Fig. 1 is a cross-sectional diagram of a bonded body formed by a conventional bonding method, Fig. 2 is an enlarged cross-sectional explanatory view of a joint between a silicon nitride sintered body and a metal according to the present invention, and Fig. 3 is a cross-sectional diagram of a bonded body according to the present invention. A perspective explanatory view of the silicon nitride sintered body and metal joined in the example, FIG. 4 is a microstructure photograph of the joint part of the joined body of FIG. 3, and FIG.
Figures (a) and (b) show the component distribution of 5i-Ti and 5i-Ti, respectively.

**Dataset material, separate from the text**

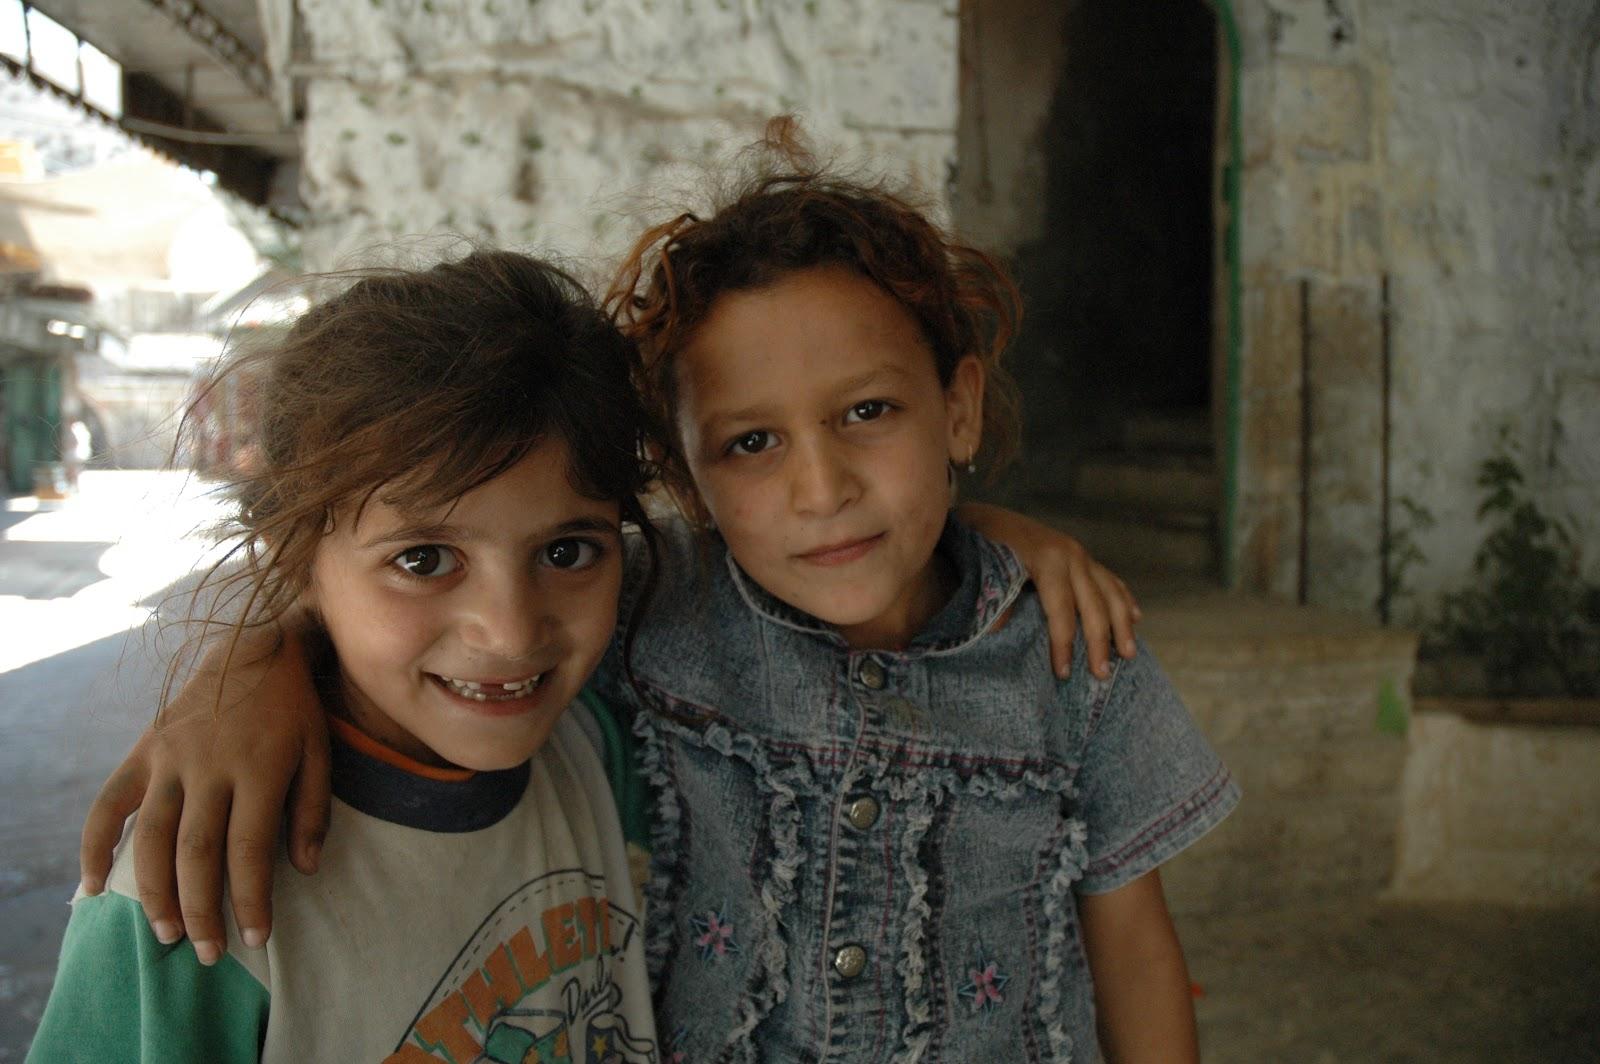 Đức Thánh Cha gửi cứu trợ cho thiếu nhi ở các trại tị nạn Palestine

A photograph showing the component distribution of t-Cu and FIG. 6 are explanatory cross-sectional views of a turbine rotor and an impeller showing another embodiment of the present invention. DESCRIPTION OF SYMBOLS 1... Silicon nitride sintered body, 2... Metal, 4... Paste, 5... Brazing metal, 12... Ceramic shaft,
14... Metal shaft, 21... Brazing metal. Patent applicant Yutaka Oshio, patent attorney representing Nissan Motor Co., Ltd.

Claims (1)

[Claims] (1) When joining a silicon nitride sintered body and a metal,
After applying a paste containing an active metal or a hydride of the active metal to one or both of the bonding surfaces of the silicon nitride sintered body and the metal, the silicon nitride sintered body and the metal are bonded. A method for joining a silicon nitride sintered body and a metal, characterized by surface brazing.